Claude Mills, Staff Reporter

FEMALE prostitutes infected with the deadly HIV/AIDS virus are roaming Jamaica's stre-ets, deliberately trying to infect unsuspecting adult males and even schoolboys, who pay for sex.

And there is nothing the law can do about it.

"I know of at least 20 females who have been (HIV/AIDS) patients at Lord's Place at one time who have left because they could not conform to the rules, and they are out there spreading the disease," said Father Raymond de la Cruz of the Missionaries of the Poor, which operates The Lord's Place.

The Lord's Place in central Kingston offers comfort, limited medical assistance and spiritual guidance to persons suffering in the last stages of the killer disease AIDS.

Most of the so-called sexual predators are known cocaine addicts, who the Catholic priest claims freely admit that they are unconcerned about the consequences of their actions.

"These women are angry at the world, they don't care that they are passing on AIDS," Father de la Cruz added. "They aren't even worried that they have the disease...They don't even feel the sex, it's just a function."

Father de la Cruz admitted that he knew of a particular prostitute who practised her trade with curious schoolboys anxious to gain their first sexual experience.

"I told her that she was going to hell...," he said. "She said she didn't care."

Despite the horror of the prostitutes' acts, there are no laws which will punish them for the deliberate act of cruelty.

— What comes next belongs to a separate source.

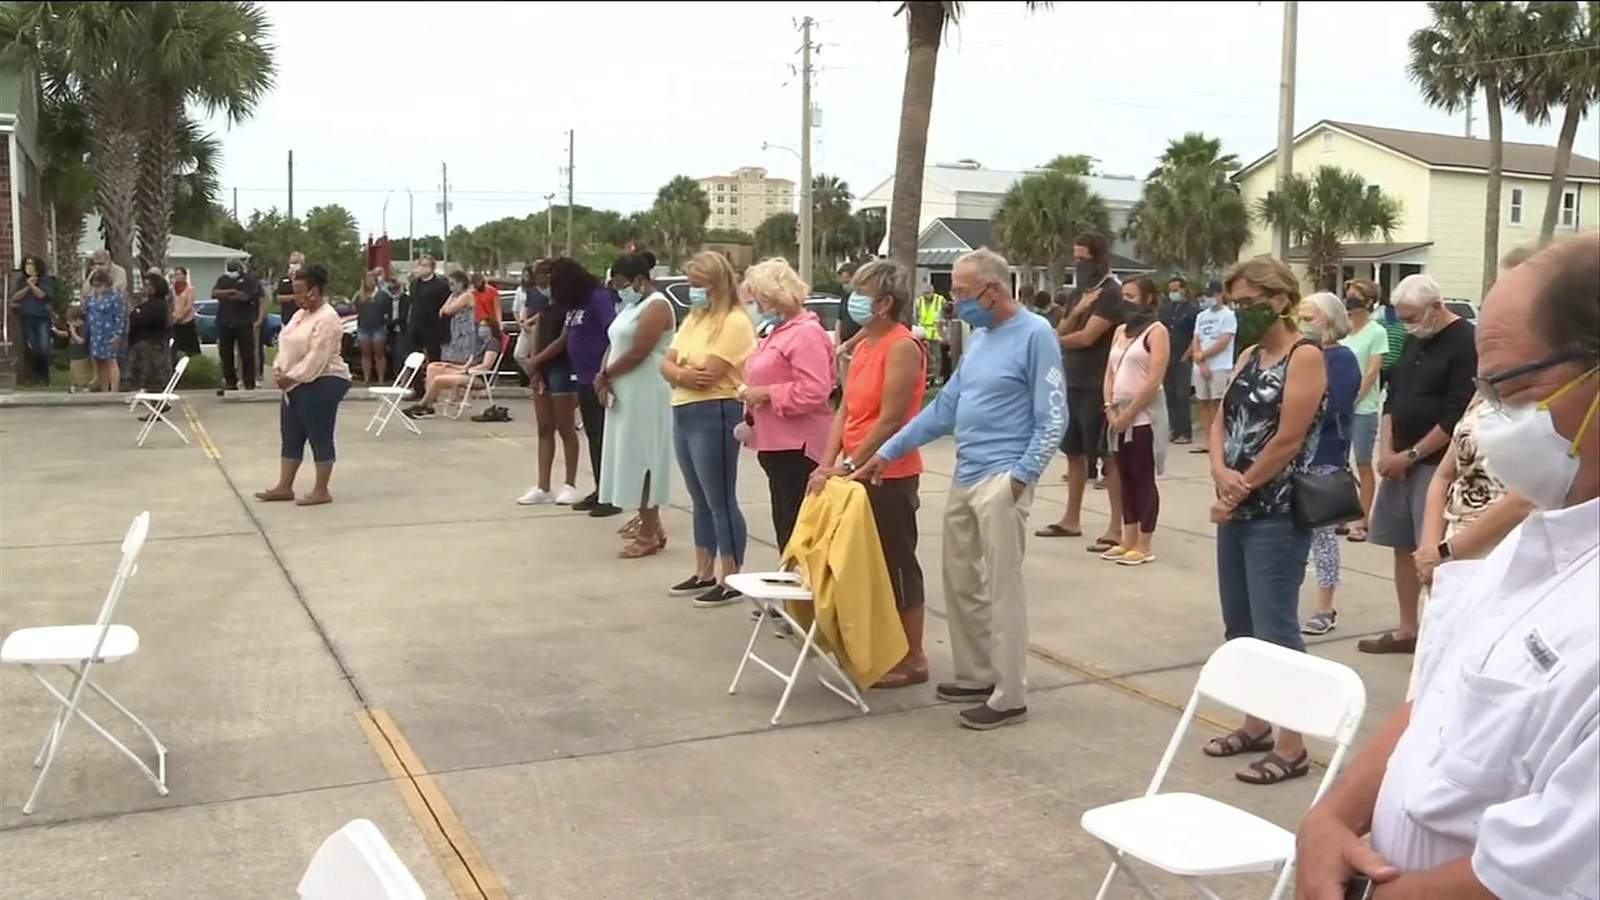 Prayer vigil brings beaches community together

According to Paula Llewellyn, acting senior deputy Director of Public Prosecutions, "Jamaica has yet to promulgate any law which deals expressly with criminalizing HIV/AIDS endangerment which would incorporate wilful infection and donation of blood, while knowing that one is so infected.

"Recourse can only be had by prosecuting individuals for offences against the person."

According to Father de la Cruz, these cocaine addicts disguise themselves in dancehall wigs and make-up, plying their trade in filthy, dilapidated buildings primarily in the heart of Kingston.

"These poor men do not even suspect that these women have AIDS because it's dark," he explained.

The market area and dilapidated buildings on Hanover Street are popular locations for the infected prostitutes, he added, and some have gone to the nearby fishing villages.

"I know of five or six fishermen who have contracted AIDS and died," Father de la Cruz said. "They say they got the disease by having sex with these prostitutes on their boats. We don't know if they go uptown as well."

Meanwhile, law enforcers remain largely ignorant of the actions of the prostitutes and the potential health risks involved. When contacted last week, Superintendent Artice Brown-Getton, of the police's Rape Investigative Unit, urged Father de la Cruz to tell the police what he knows.

"The Father should discharge his honourable and moral duty and ensure that the authorities know about it," she said.